The reason Cry Macho works at all is because of all the weathered baggage Eastwood brings from sixty-five years of playing hyper-masculine roles in films like Dirty Harry, Play Misty For Me, Where Eagles Dare, Escape from Alcatraz, White Hunter Black Heart, Unforgiven, and of course the spaghetti westerns of Sergio Leone. What better cinematic avatar than his to question the value of stubborn, tight-lipped stoicism, the virtues of employing physical force over reason, and even the devotion to patriotism and rugged individualism.
But Eastwood also brings to the table his lackadaisical approach to filmmaking. When he began directing, his method was to not interfere with an actor’s process, not do more than one or two takes, and wrap a day’s work by lunchtime. This seemed admirably pragmatic and no-nonsense—especially when this directing style yielded great work. But as often as not, the resulting pictures just seem lazy, especially when he hasn’t devoted enough time to developing his scripts or casting his supporting actors. We know Eastwood didn’t just shoot the first draft of the script—novelist Nash’s own adaptation penned four decades ago—because co-screenwriter Schenk was only about 14 back then. So some effort went into polishing this piece to fit contemporary times and Eastwood’s current age. But the script is just awful. It’s full of overlong scenes, narrative dead-ends, and lightly comedic moments—which not only fall flat, they undercut many of the potentially interesting ideas embedded in the story.
The opening sequence of Cry Macho, in which Polk fires the lazy Milo from his duties as a ranch hand, and then, a year later, hires him for the Mexico mission to find the boy, is one of the most abominably written, atrociously acted, flatly photographed, ineptly edited, and just plain badly directed scenes I’ve watched in ages. The movie takes over an hour to recover its footing from this stumbling start. By then, we’ve met Rafo, his mother, and the titular Macho, a cockfighting rooster who is Rafo’s only source of companionship and emotional support. The cast here, including the chicken, cannot overcome the weak writing. Eduardo Minett never makes us feel much of anything for poor Rafo, and Fernanda Urrejola’s overblown attempts to make credible the behavior of Rafo’s tempestuous mother are enough to put anyone off.
The film improves a bit when Milo and Rufo attempt to evade the police by stopping over in a little town where they meet a widowed café owner named Marta (Natalia Traven). The scenes in Marta’s café with her adorable children and the way the townsfolk adopt the two strangers have plenty of charm, but they are also some of the most hackneyed sequences in the film. When romantic sparks begin to glow, there’s no plausible motivation for Marta’s feelings, other than the fact that the nonagenarian gringo who shuffles into her establishment is Clint Eastwood.

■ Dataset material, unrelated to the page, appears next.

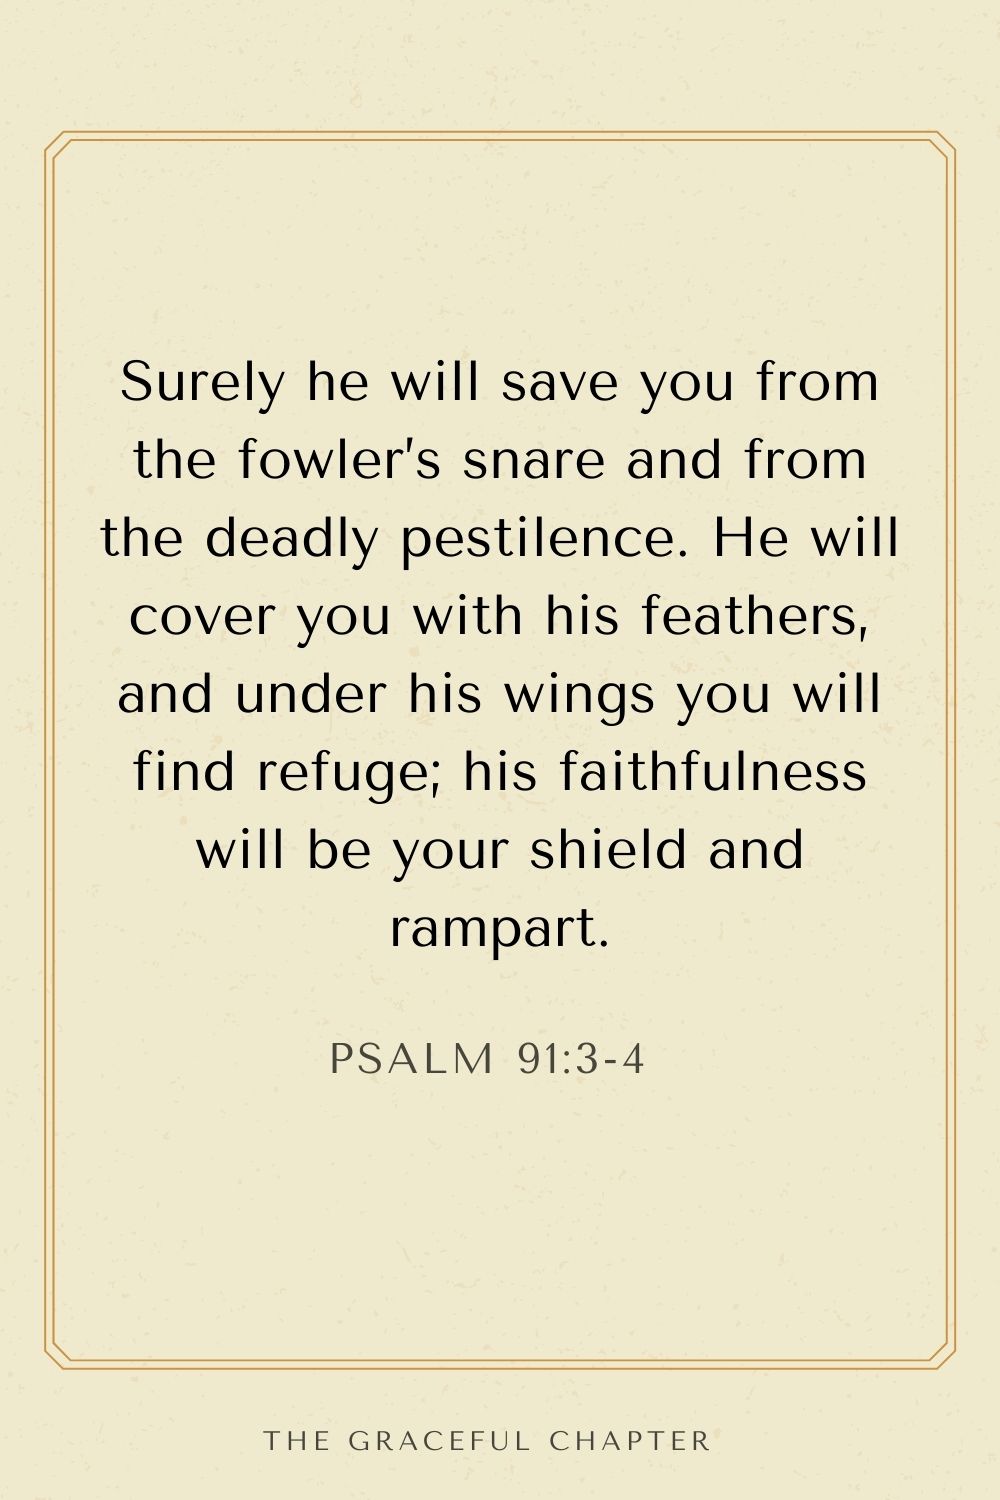 Surely he will save you from the fowler’s snare and from the deadly pestilence. He will cover you with his feathers, and under his wings you will find refuge; his faithfulness will be your shield and rampart. Psalm 91:3-4

Ultimately, I’m not sure what any of the characters in Cry Macho actually learn about masculinity. This is not a rich, complex meditation on timeless themes like Unforgiven or even Grand Torino. Cry Macho is just a collection of ideas strung loosely together with the confidence that Clint fans will find depth in it because we love him so much. Well, I certainly still love Eastwood, and I’ve been fascinated to watch this towering cinematic force slowly age over all the decades of my life. But I hope Cry Macho is not his final appearance on the big screen. This material is just too slight even for the now shaky, brittle-boned, whispery-voiced icon.